WORK REQUIRED
Quote the whole listing word for word. Do not include the pictures.

INFORMATION PROVIDED
-------

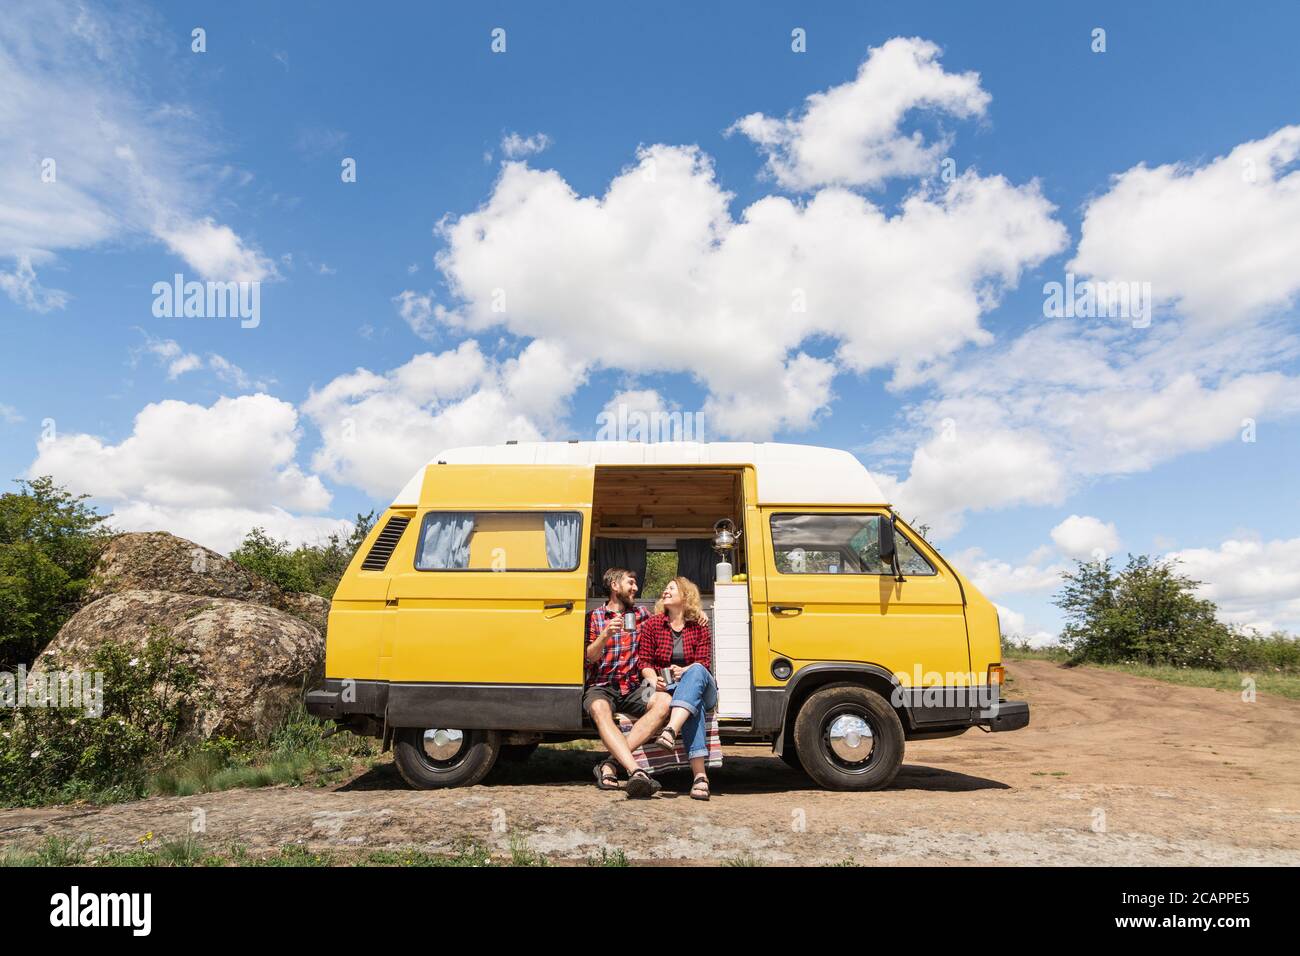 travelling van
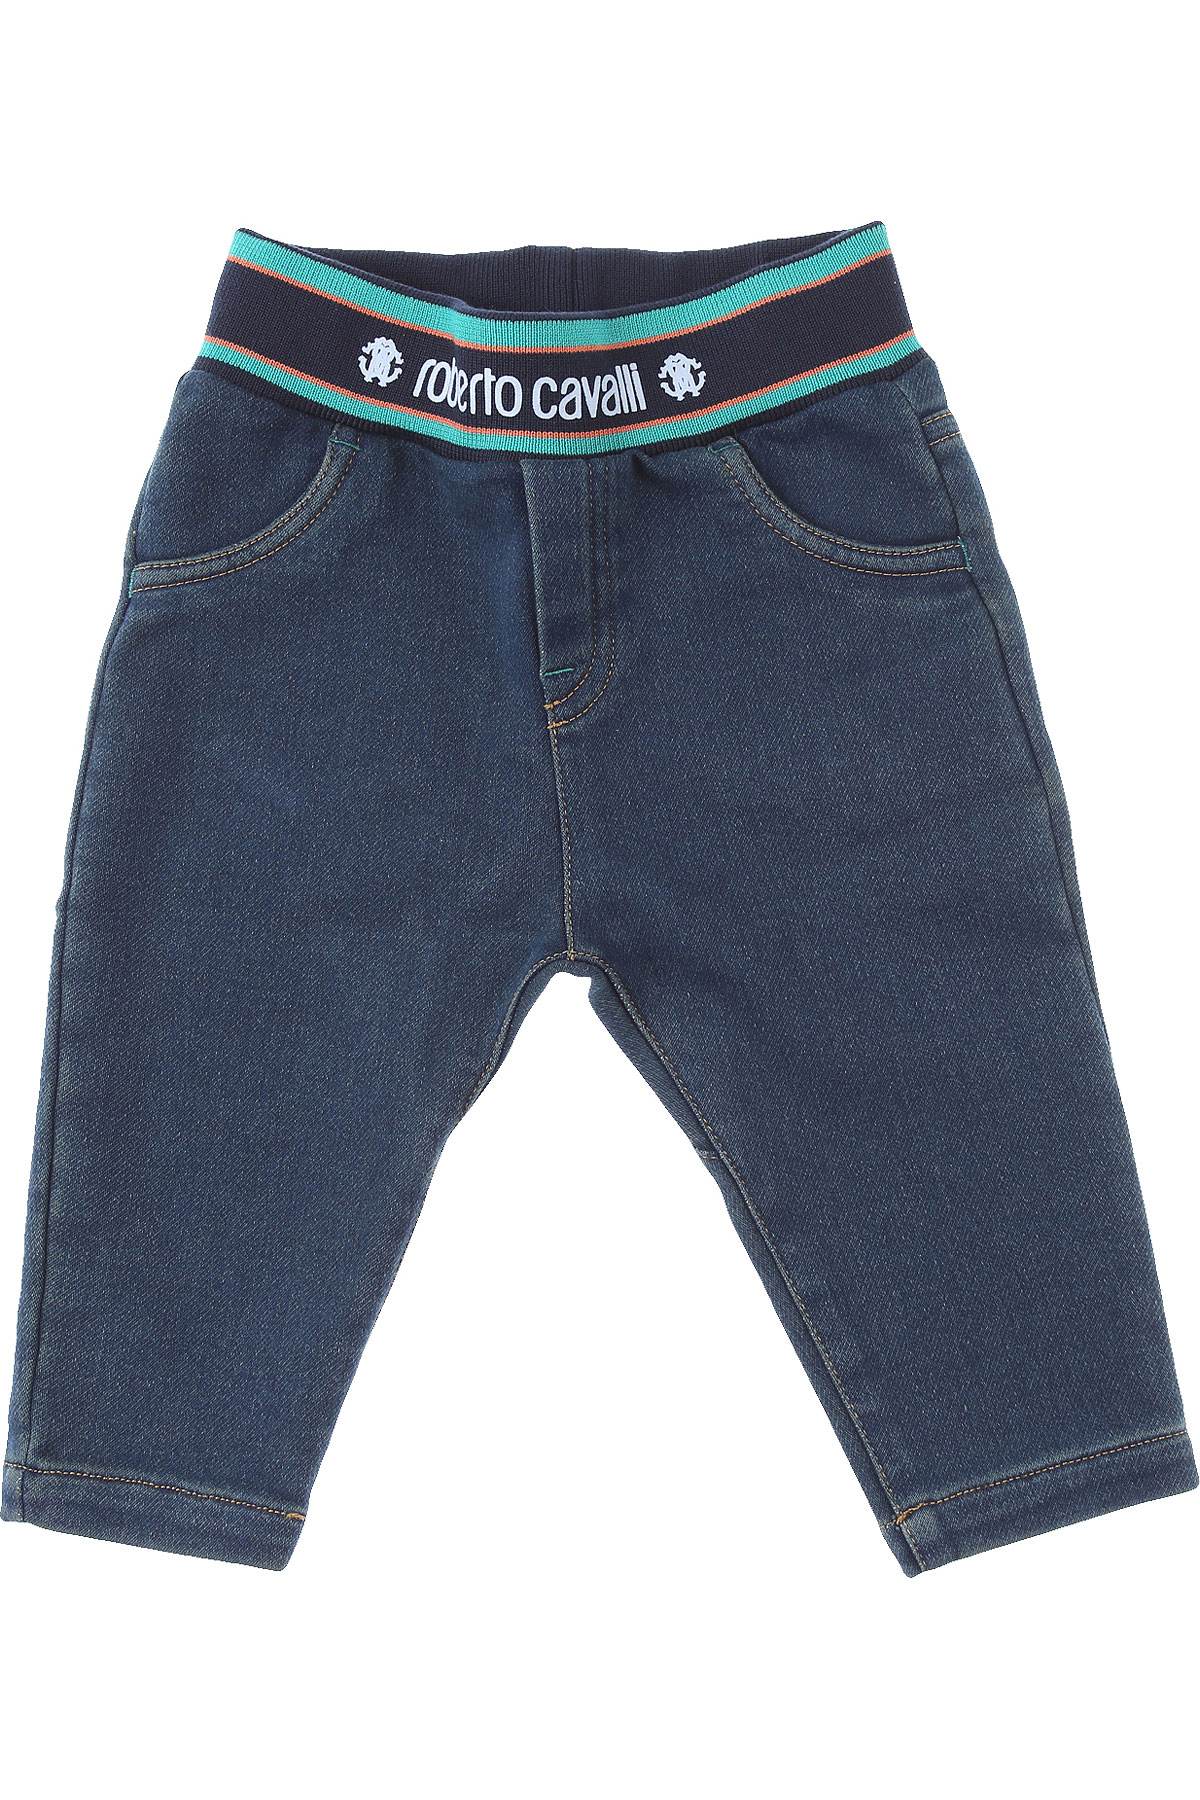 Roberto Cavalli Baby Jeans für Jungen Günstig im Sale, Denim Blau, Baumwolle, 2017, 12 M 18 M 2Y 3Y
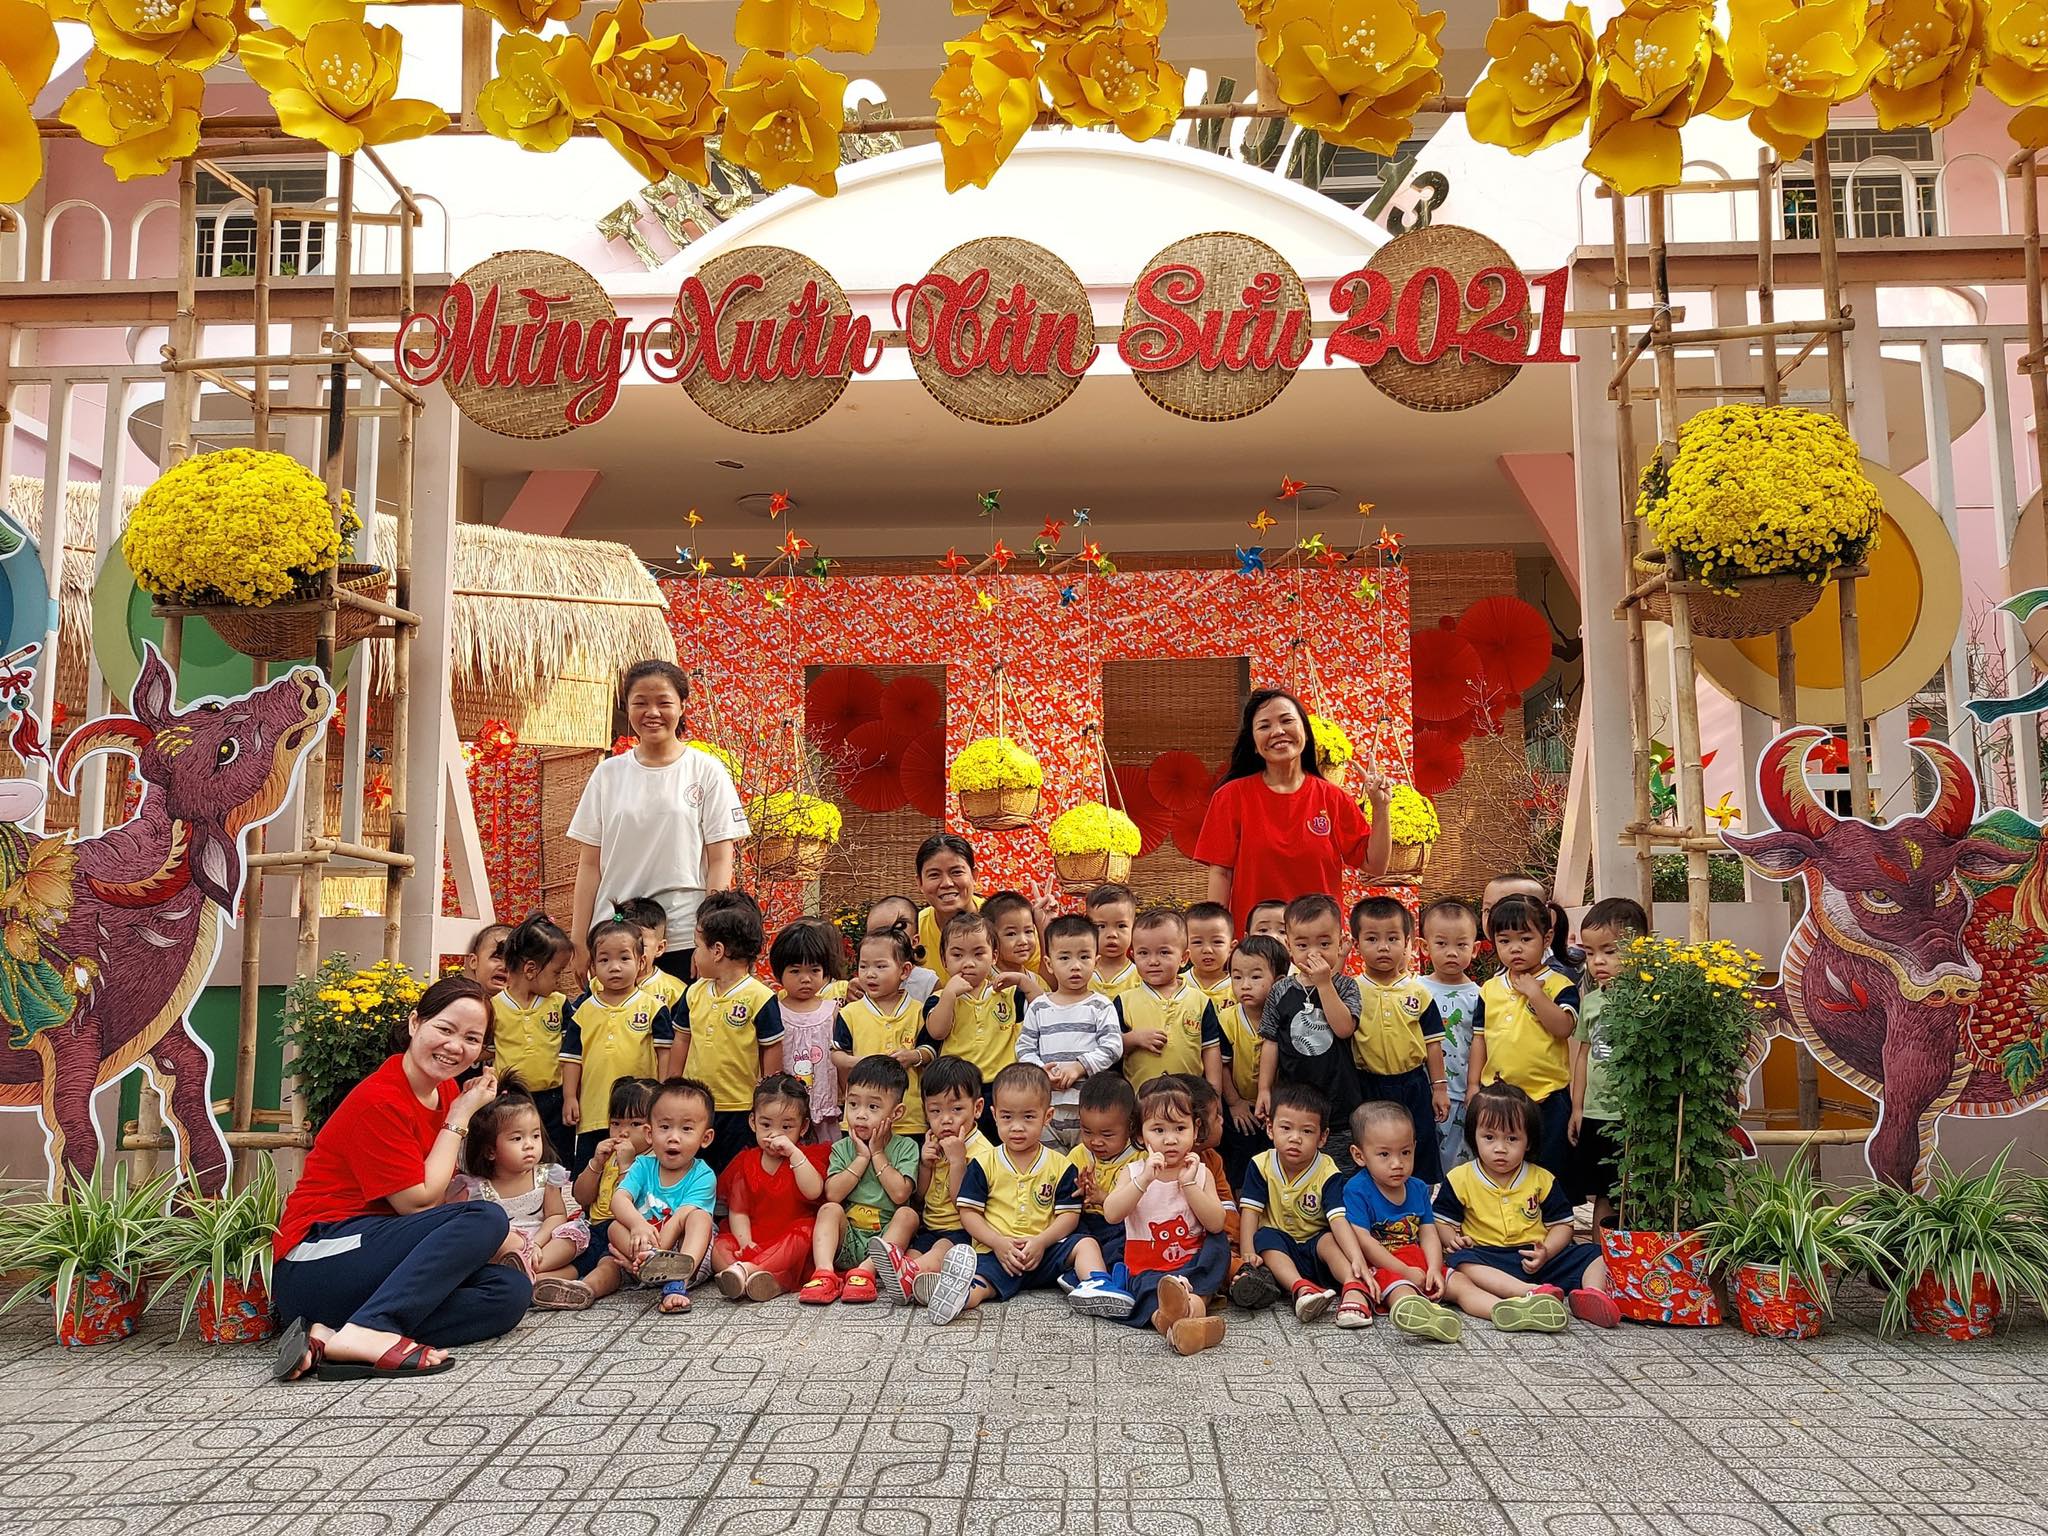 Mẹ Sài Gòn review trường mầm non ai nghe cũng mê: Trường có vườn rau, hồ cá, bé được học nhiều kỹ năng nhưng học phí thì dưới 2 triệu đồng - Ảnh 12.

-------

ANSWER AREA
 travelling van
 Roberto Cavalli Baby Jeans für Jungen Günstig im Sale, Denim Blau, Baumwolle, 2017, 12 M 18 M 2Y 3Y
 Mẹ Sài Gòn review trường mầm non ai nghe cũng mê: Trường có vườn rau, hồ cá, bé được học nhiều kỹ năng nhưng học phí thì dưới 2 triệu đồng - Ảnh 12.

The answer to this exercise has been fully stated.